First Voice
Now that installation is complete, it is time to actually generate a wav file.
This page covers the most basic "one line of text to one wav file" workflow and a few natural variations from there.
Basics — Save a Single Sentence as wav
from hayakoe import TTS
tts = TTS().load("jvnv-F1-jp").prepare()
speaker = tts.speakers["jvnv-F1-jp"]
speaker.generate("こんにちは、はじめまして。").save("hello.wav")TTS() only registers the engine specification.
The actual model download to disk and loading into memory happens when prepare() is called.
speakers is a dict that lets you access prepared speakers by name.
Running on GPU
First, make sure the GPU extras are installed (Installation — GPU Installation (CUDA)).
Then just change one thing: TTS(device="cuda"). The rest of the code stays the same.
Just remember that the first call may be slightly slow.
Multiple Sentences Work as-is
Sentences are automatically split at boundaries (。, !, ?, !, ?, newlines), and natural-length silence is inserted between sentences.
text = """
こんにちは。今日はいい天気ですね。
散歩でもしましょうか?
"""
speaker.generate(text).save("long.wav")The pause length between sentences is predicted by the Duration Predictor, which is trained separately for each speaker.
This means some speakers pause longer between sentences and some shorter — the speaker's own breathing rhythm is faithfully reflected.
Getting bytes Instead of a wav File
To return audio directly as a response from a web server like FastAPI, use to_bytes().
The return value is a WAV-format byte stream.
audio = speaker.generate("テストです。")
payload: bytes = audio.to_bytes()Loading Multiple Speakers at Once
load() supports chaining, so you can register multiple speakers at once.
tts = (
TTS()
.load("jvnv-F1-jp")
.load("jvnv-F2-jp")
.load("jvnv-M1-jp")
.load("jvnv-M2-jp")
.prepare()
)
for name, speaker in tts.speakers.items():
speaker.generate("おはようございます。
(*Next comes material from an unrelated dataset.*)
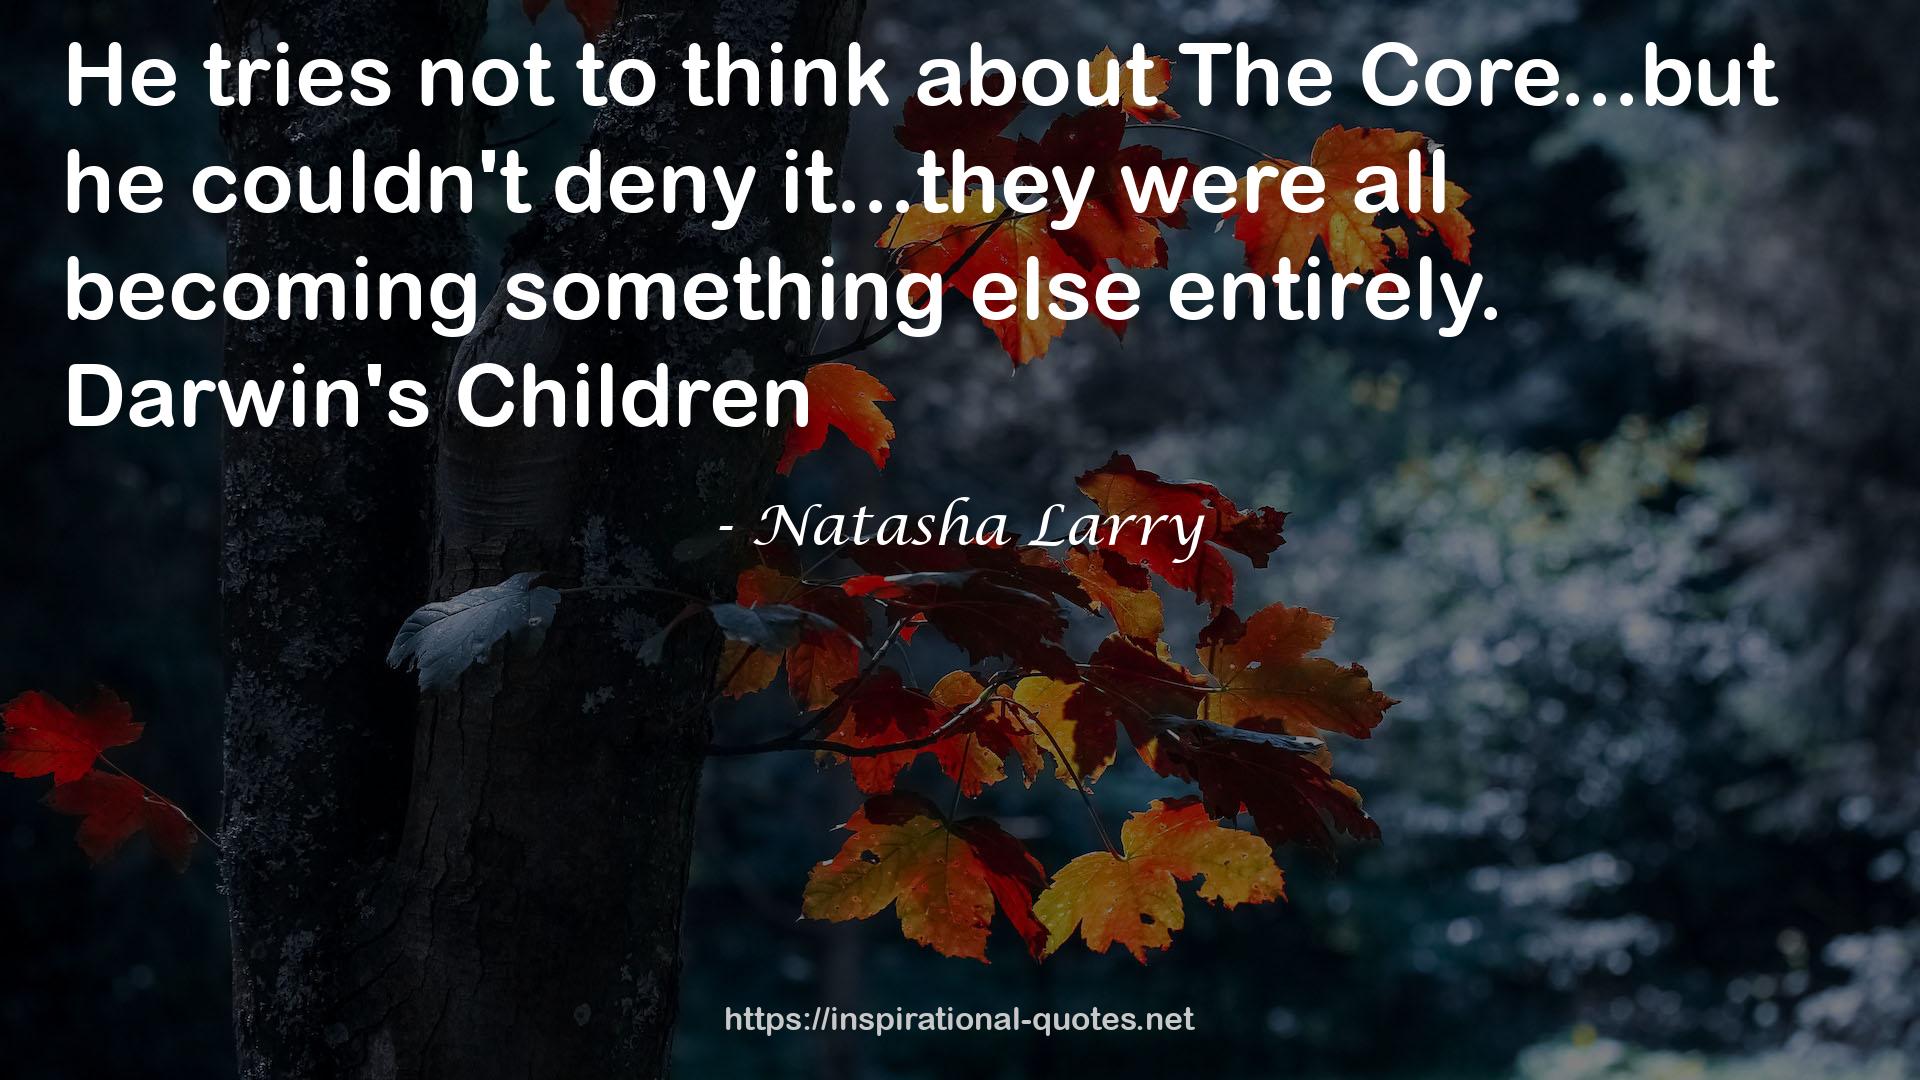 Natasha Larry quote : He tries not to think about The Core...but he couldn't deny it...they were all becoming something else entirely. Darwin's Children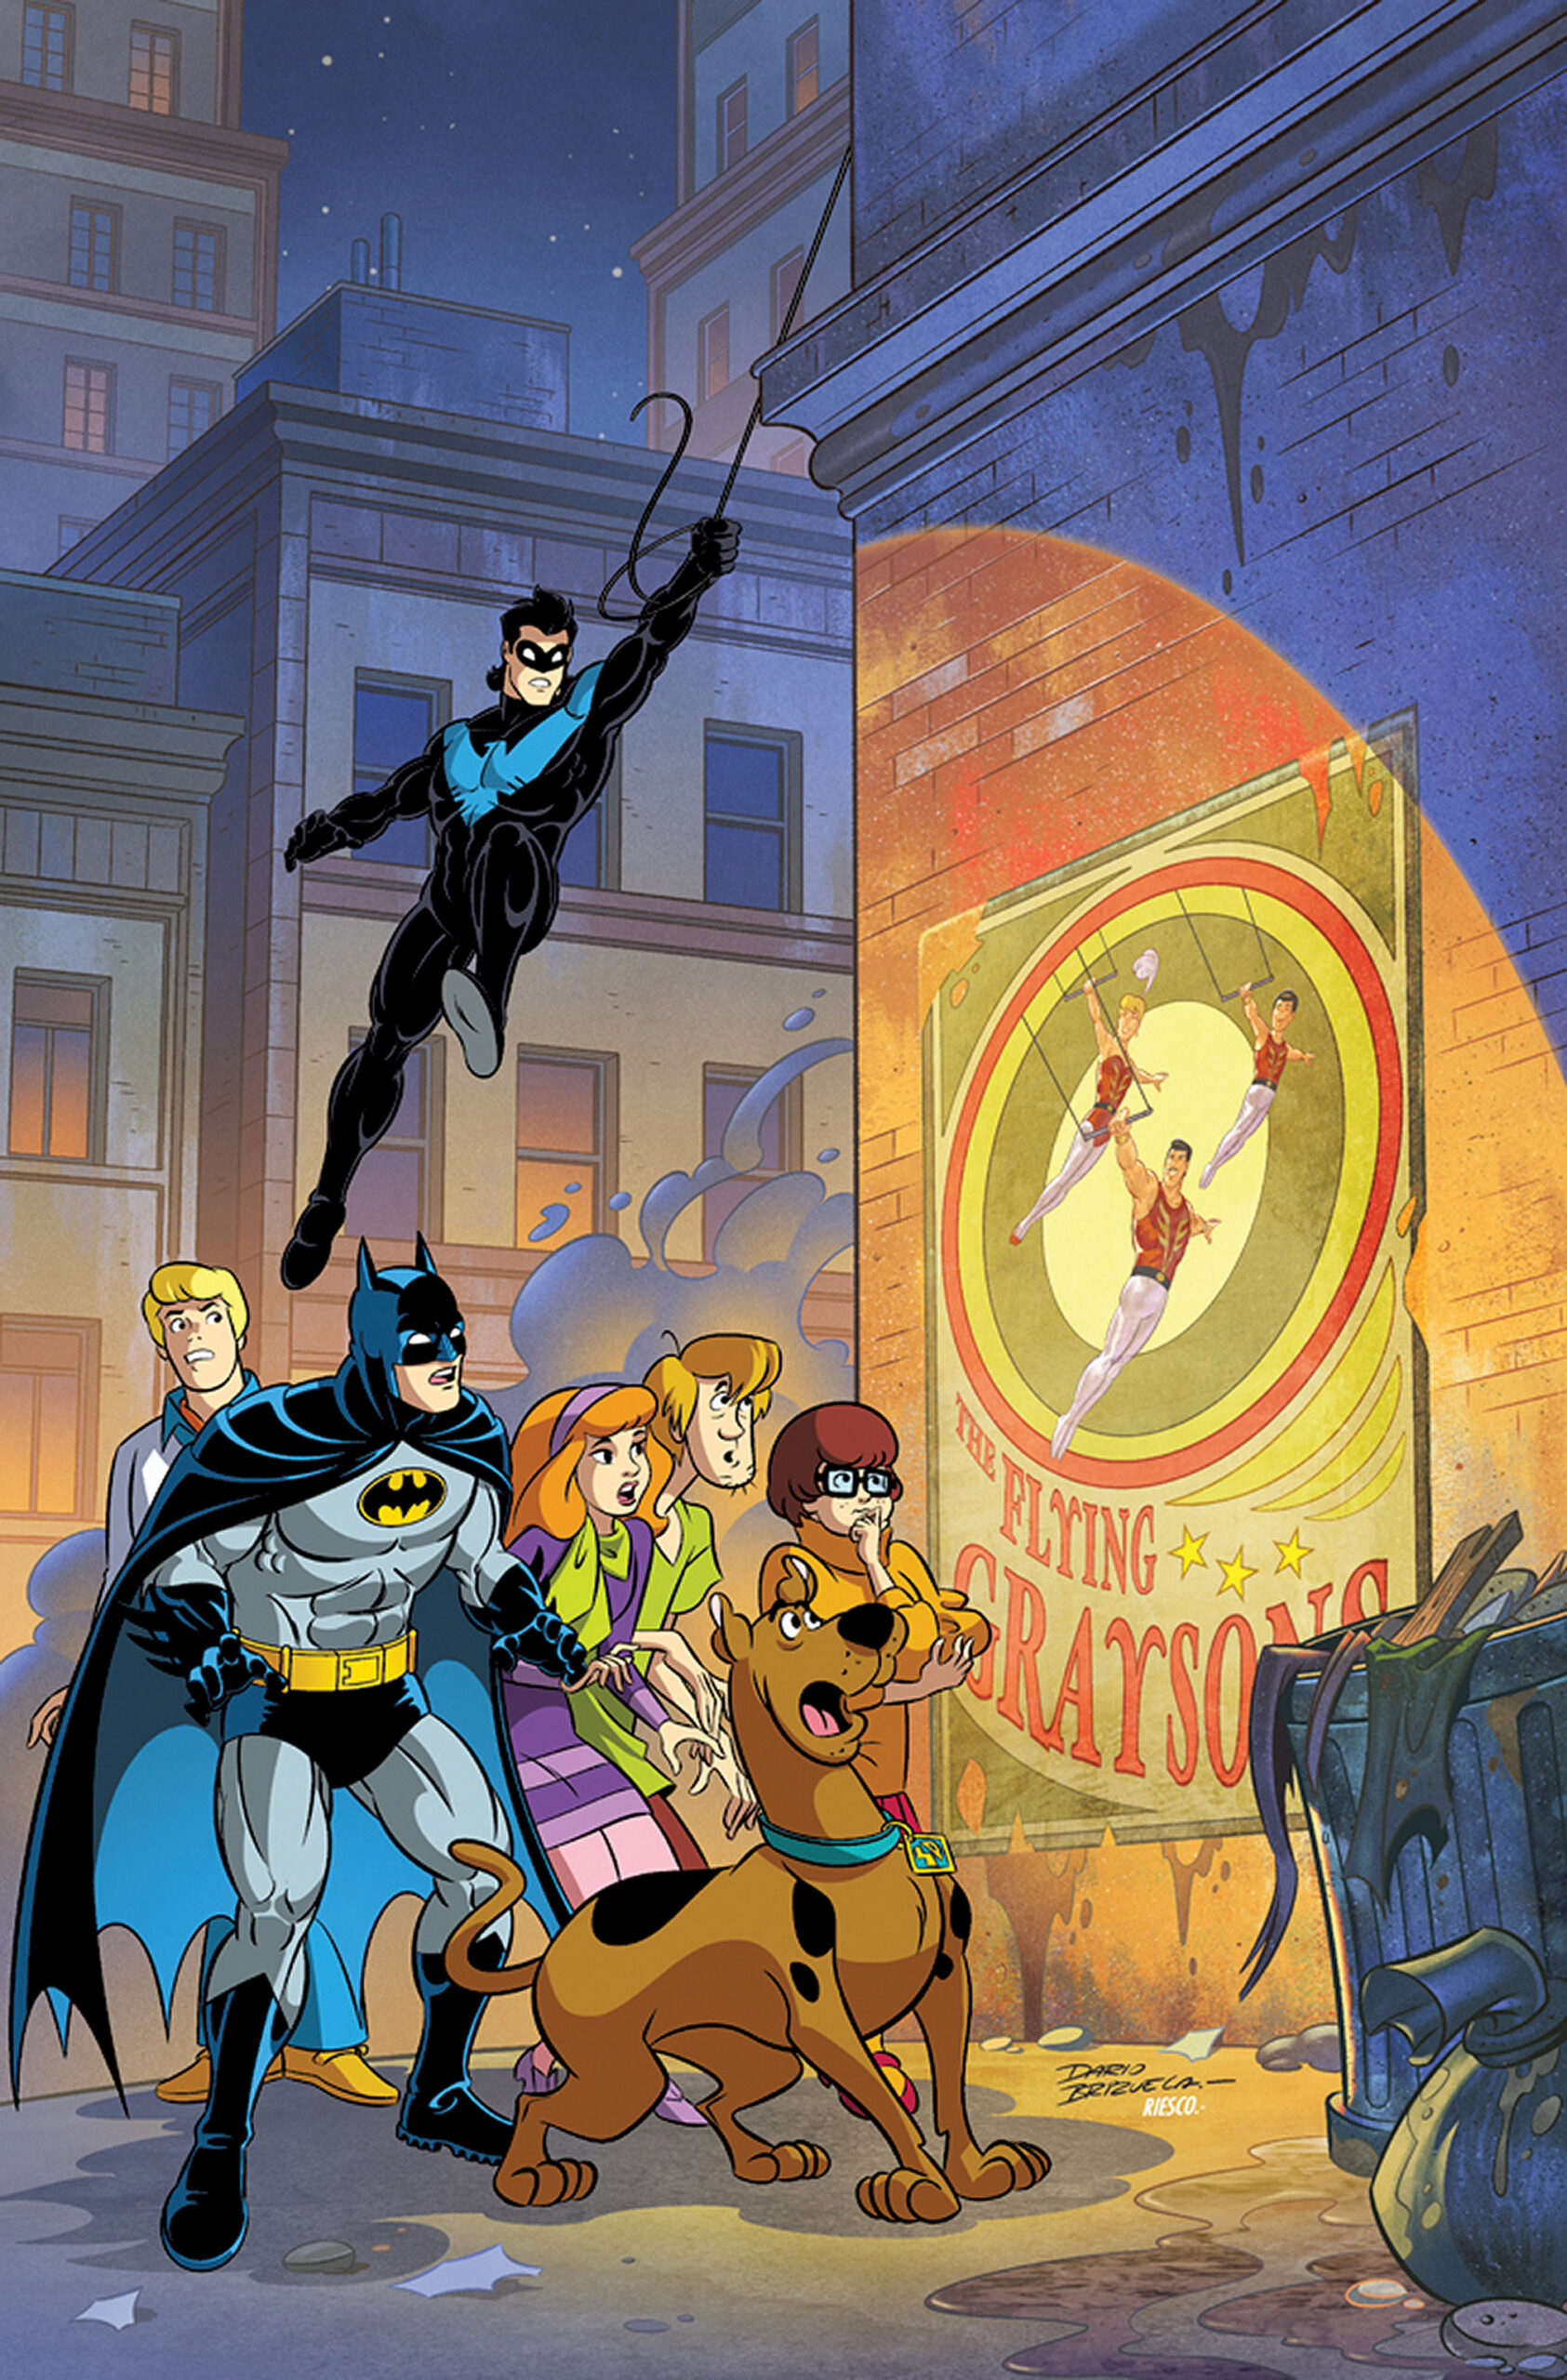 ZOINKS! BATMAN & SCOOBYDOO MYSTERIES Returns for a Third Series 13th

").save(f"{name}.wav")Because BERT is shared across all speakers, adding one more speaker does not double or triple the memory.
The per-speaker increase comes from the much smaller synthesizer, not BERT, so loading 4 speakers does not mean 4x the RAM.
Actual measurements and how to reproduce them are documented separately in FAQ — How much more memory does loading multiple speakers use?.
Tweaking Speed or Pitch
generate() accepts parameters for directly adjusting speech speed, pitch, and intonation.
speaker.generate(
"今日はどんな国に辿り着くのでしょうか。",
speed=0.95, # slightly slower
pitch_scale=1.05, # slightly higher
).save("tuned.wav")Available parameters and recommended ranges are covered in Speed & Prosody Controls.